Monday, Feb. 06, 1989

"Monster in The Closet"

By LESLIE WHITAKER

Almost immediately after layers of asbestos were discovered between floors and ceilings in Houston's 13-story BancTexas building, worried tenants started packing up and leaving. Now, little more than a year later, the building is empty and its owners are trying to sell it for $6.5 million, an asking price 30% to 50% less than the building might fetch if it were asbestos-free. In Manhattan the former J.C. Penney headquarters, a 45-story tower that was sold last May to a real estate partnership for $352 million, stands vacant while workers remove asbestos from the building. Estimated cost: $6 million.

Asbestos, the cancer-causing mineral that is being scrubbed from thousands of U.S. schools, is causing an epidemic of fear among the owners and tenants of asbestos-ridden office towers, shopping malls, industrial parks and apartment buildings. Even though the substance poses only a minimal health risk in most work environments, its widespread presence in the ceilings and walls of commercial buildings is prompting a sharp drop in the value of those , structures.
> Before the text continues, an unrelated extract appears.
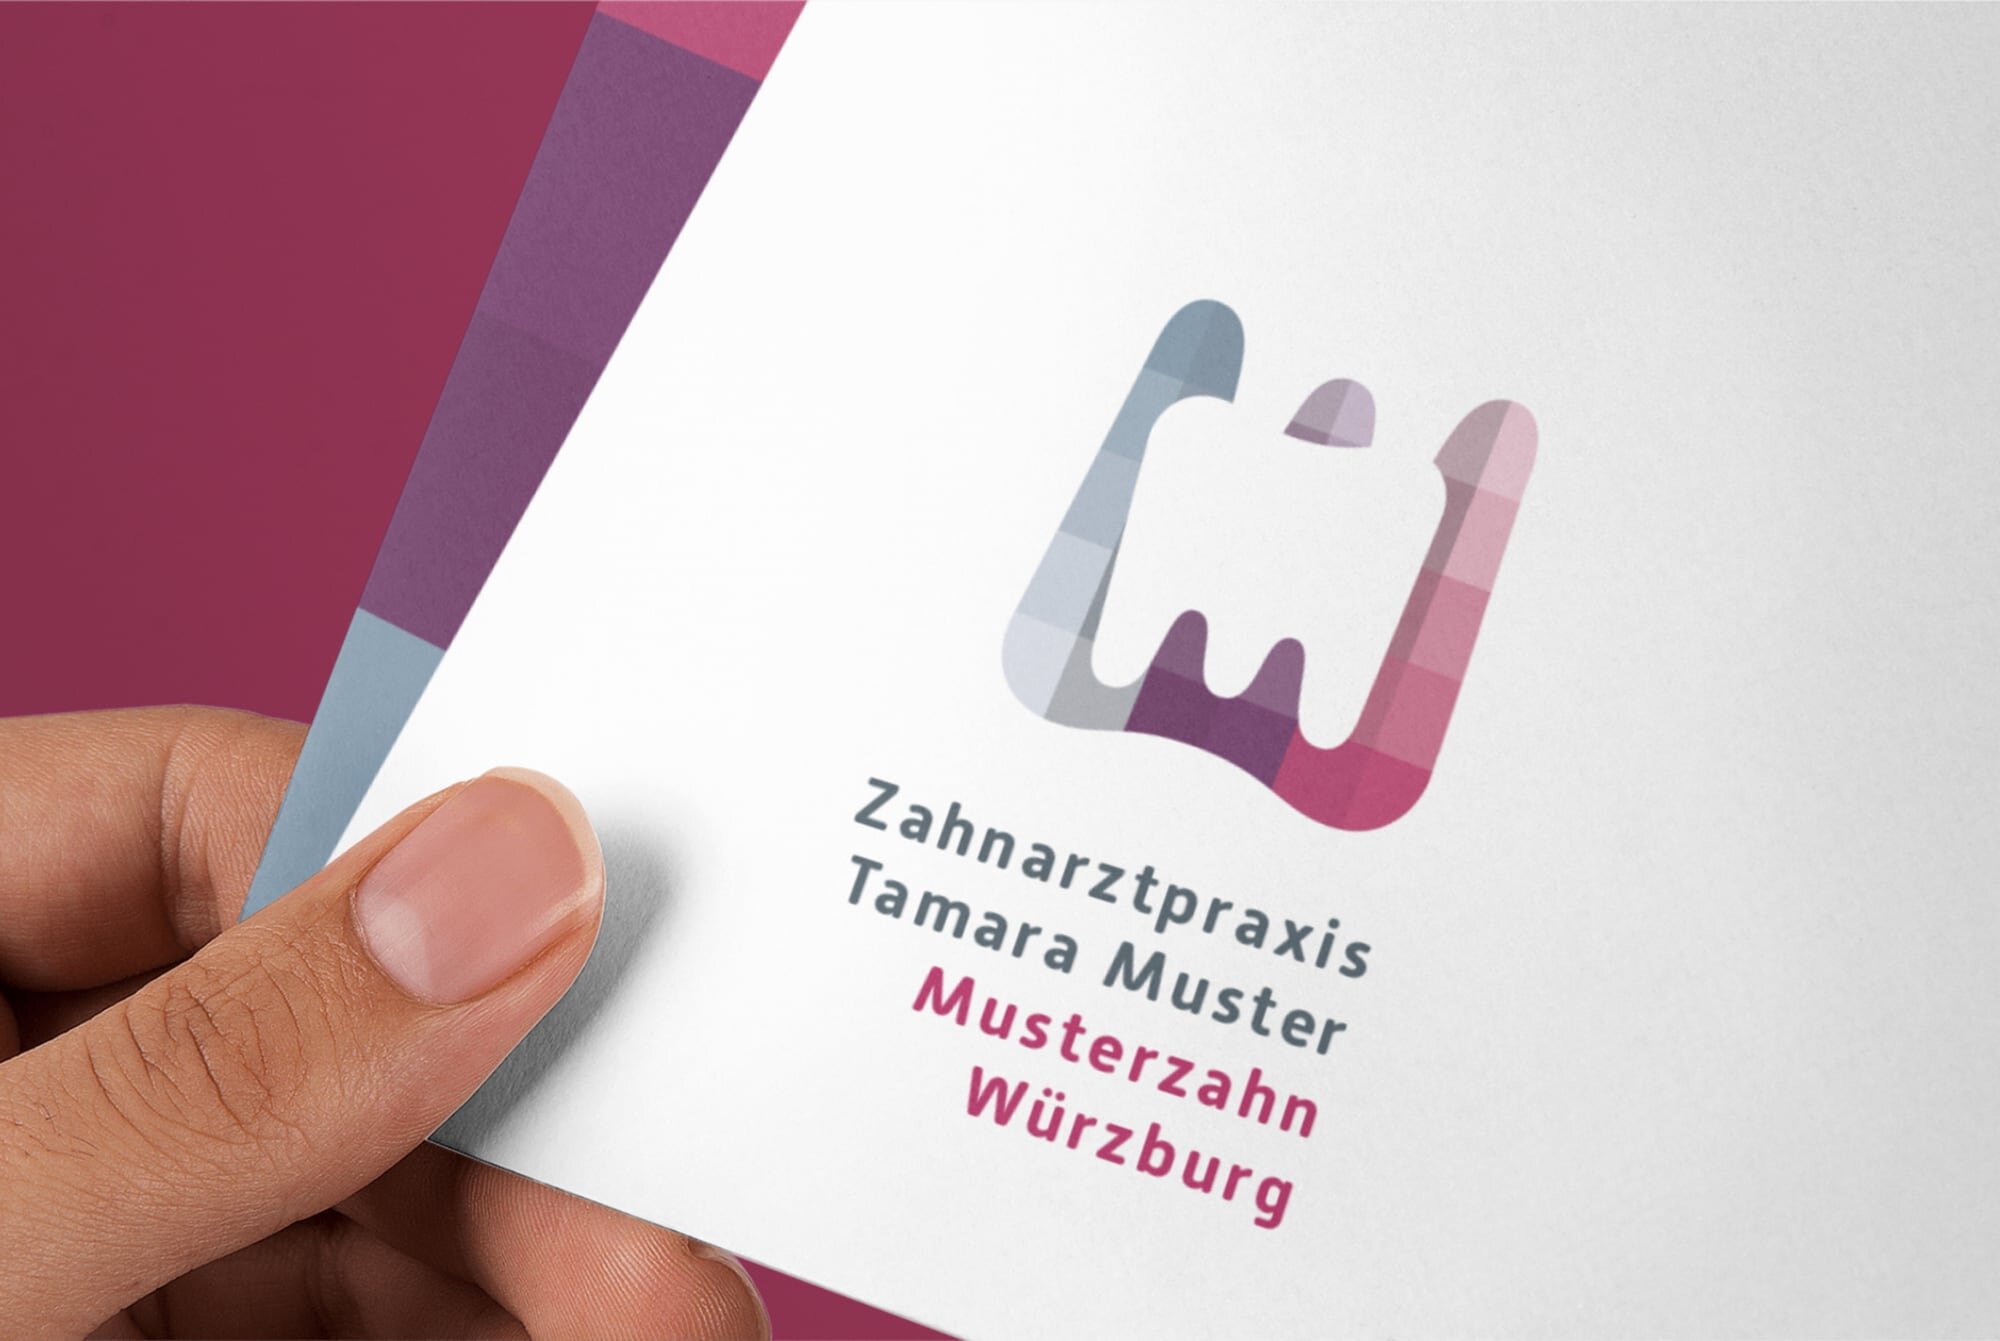 Studio_Michael_Seidl_branding-design_Musterzahn-logo.jpg

It is also spurring a crash cleanup effort that may cost as much as $100 billion over the next 25 years. "Asbestos is the monster in the closet," says Richard Jones, a Connecticut attorney who represents mortgage lenders. "People's reaction is visceral. It has a very chilling effect."

Asbestos lurks in some of the most prominent and populated structures: Manhattan's World Trade Center, Chicago's John Hancock Building and Houston's Astrodome. But it can be found at many ordinary addresses as well. More than 733,000 structures, or 20% of U.S. commercial and public properties, are believed to contain the mineral, according to the Environmental Protection Agency. In about two-thirds of buildings with asbestos, some of the material is in a friable state, which means it is crumbling into microscopic fibers that can float through the air. (There has yet been no federal survey of single-family homes, but a preliminary study indicated that houses tend to have relatively low levels of airborne asbestos.)

Once regarded as a magic mineral for its fireproofing and insulating properties, asbestos was severely restricted by the EPA in 1973 after high doses of its fibers were found to scar the lungs, causing cancer and other diseases. But by that time, 30 million tons had been wrapped around heating pipes and furnaces, sprayed onto girders and mixed into tiles at a cost of 25 cents per sq. ft. Now property owners are often spending 100 times that amount to remove it, cover it with a sealant, or enclose it with materials like Sheetrock.

The anxiety surrounding asbestos is based on its deadliness in massive doses, but many researchers contend that low levels of exposure are not necessarily hazardous. Since the mineral occurs naturally, trace amounts can often be found in fresh air and water. Yet the EPA has said that the only guaranteed safe amount of airborne asbestos is zero.

Shrewd investors are picking up asbestos-containing buildings on the cheap. Shuwa Corp., a Japanese real estate firm, bought Arco Plaza in Los Angeles last year for $620 million, a $50 million discount from the original asking price. In return, Shuwa agreed to pay for asbestos removal, which eventually cost an estimated $20 million. But even price cuts will not entice some investors. Many commercial tenants react the same way: IBM, AT&T and Northrup refuse to rent space in buildings where the mineral is present.

A primary reason corporations are so cautious is the fear of lawsuits by tenants and workers. Many cases have been filed by school systems and other building owners seeking to recover cleanup costs from the manufacturers. But a handful of lawsuits have been filed by tenants charging landlords -- and property buyers charging sellers -- with concealing the presence of asbestos. Even owners who have been up-front about the mineral's presence are worried. They fear that future suits will be brought by individuals linking their asbestos-related illnesses, which have a 20-year latency period, to buildings where they lived or worked. "The area is so new that nobody really knows how far the liability will extend," says Daniel Sitomer, a Manhattan asbestos lawyer.

The demand for asbestos-removal service vastly exceeds the ability of the fledgling industry to supply it safely. The industry's rapid growth, from an estimated $200 million in revenues in 1983 to more than $2.7 billion last year, has produced many so-called rip-and-skip artists, who spring up overnight and disappear a few months later. Hundreds of cleanup jobs have been botched by poorly trained and badly equipped workers who send additional asbestos particles swirling through the air.

Cleaning up the asbestos-abatement industry has become a high priority for many state and local governments. Forty states have created training and certification programs for asbestos removal. The EPA is thinking of expanding to commercial and public buildings the Asbestos Hazard Emergency Response Act, which requires all schools to draw up a plan to control or remove asbestos, using workers trained according to federal standards.

In the belief that asbestos-cleanup costs are going to burden them for at least two decades, real estate professionals have begun to lobby the Government for financial assistance. Declares Robert Shreve, president of the Institute of Real Estate Management: "We feel tax credits are in order because ((the asbestos problem)) is not anybody's fault." If Congress agrees, taxpayers may have to help pay yet another multibillion-dollar cleanup bill.